Only some lines are wanted. Transcribe, exactly, the lines below from the line with "Adidas Designed for" up to and including the line with "Armani Hotel Dubai".
[Opening RECORD EXTRACTS section]
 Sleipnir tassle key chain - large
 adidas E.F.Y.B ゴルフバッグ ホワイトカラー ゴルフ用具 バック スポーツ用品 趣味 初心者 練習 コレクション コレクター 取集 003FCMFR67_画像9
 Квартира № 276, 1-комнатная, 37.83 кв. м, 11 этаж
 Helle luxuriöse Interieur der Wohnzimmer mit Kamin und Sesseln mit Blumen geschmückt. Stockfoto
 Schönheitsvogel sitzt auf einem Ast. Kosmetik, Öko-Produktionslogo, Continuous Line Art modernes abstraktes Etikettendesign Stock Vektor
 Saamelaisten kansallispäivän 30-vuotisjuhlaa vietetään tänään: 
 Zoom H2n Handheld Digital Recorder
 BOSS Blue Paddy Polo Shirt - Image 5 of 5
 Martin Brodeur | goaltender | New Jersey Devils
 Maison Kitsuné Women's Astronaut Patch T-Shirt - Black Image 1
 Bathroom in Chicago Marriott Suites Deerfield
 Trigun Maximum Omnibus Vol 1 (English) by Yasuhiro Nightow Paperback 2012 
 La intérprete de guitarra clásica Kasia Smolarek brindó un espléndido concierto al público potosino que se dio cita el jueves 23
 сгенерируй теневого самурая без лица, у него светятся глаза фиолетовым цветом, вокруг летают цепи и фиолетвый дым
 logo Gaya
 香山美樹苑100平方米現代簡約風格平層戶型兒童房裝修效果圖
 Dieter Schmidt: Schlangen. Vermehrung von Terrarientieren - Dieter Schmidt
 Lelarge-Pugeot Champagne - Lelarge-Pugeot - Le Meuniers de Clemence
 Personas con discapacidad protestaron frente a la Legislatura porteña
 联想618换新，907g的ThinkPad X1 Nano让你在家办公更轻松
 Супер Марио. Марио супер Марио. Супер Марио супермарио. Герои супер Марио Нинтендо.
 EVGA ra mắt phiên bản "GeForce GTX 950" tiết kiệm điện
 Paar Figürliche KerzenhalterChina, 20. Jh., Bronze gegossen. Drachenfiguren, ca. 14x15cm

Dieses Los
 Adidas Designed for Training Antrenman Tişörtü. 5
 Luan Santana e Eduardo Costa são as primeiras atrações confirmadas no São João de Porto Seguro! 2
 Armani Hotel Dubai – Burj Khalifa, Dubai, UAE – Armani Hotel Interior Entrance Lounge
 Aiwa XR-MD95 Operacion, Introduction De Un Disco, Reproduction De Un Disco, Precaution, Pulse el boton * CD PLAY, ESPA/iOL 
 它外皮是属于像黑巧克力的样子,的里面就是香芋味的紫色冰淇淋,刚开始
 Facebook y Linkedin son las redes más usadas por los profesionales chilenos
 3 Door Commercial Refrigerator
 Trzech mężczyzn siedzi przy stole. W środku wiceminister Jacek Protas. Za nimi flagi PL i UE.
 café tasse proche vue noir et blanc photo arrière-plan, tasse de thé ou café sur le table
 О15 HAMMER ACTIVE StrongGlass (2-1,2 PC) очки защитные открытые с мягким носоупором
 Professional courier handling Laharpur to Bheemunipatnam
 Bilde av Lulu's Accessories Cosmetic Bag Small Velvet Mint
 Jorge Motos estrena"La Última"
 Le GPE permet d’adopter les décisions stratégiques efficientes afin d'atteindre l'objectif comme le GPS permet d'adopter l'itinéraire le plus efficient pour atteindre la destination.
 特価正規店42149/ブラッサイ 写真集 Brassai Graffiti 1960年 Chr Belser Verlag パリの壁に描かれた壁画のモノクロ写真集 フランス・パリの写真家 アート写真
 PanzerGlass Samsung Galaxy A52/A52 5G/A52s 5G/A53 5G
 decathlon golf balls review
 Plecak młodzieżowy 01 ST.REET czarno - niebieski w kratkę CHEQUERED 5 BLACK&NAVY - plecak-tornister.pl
[Closing RECORD EXTRACTS section]
• **EXPECTED OUTPUT**:
 Adidas Designed for Training Antrenman Tişörtü. 5
 Luan Santana e Eduardo Costa são as primeiras atrações confirmadas no São João de Porto Seguro! 2
 Armani Hotel Dubai – Burj Khalifa, Dubai, UAE – Armani Hotel Interior Entrance Lounge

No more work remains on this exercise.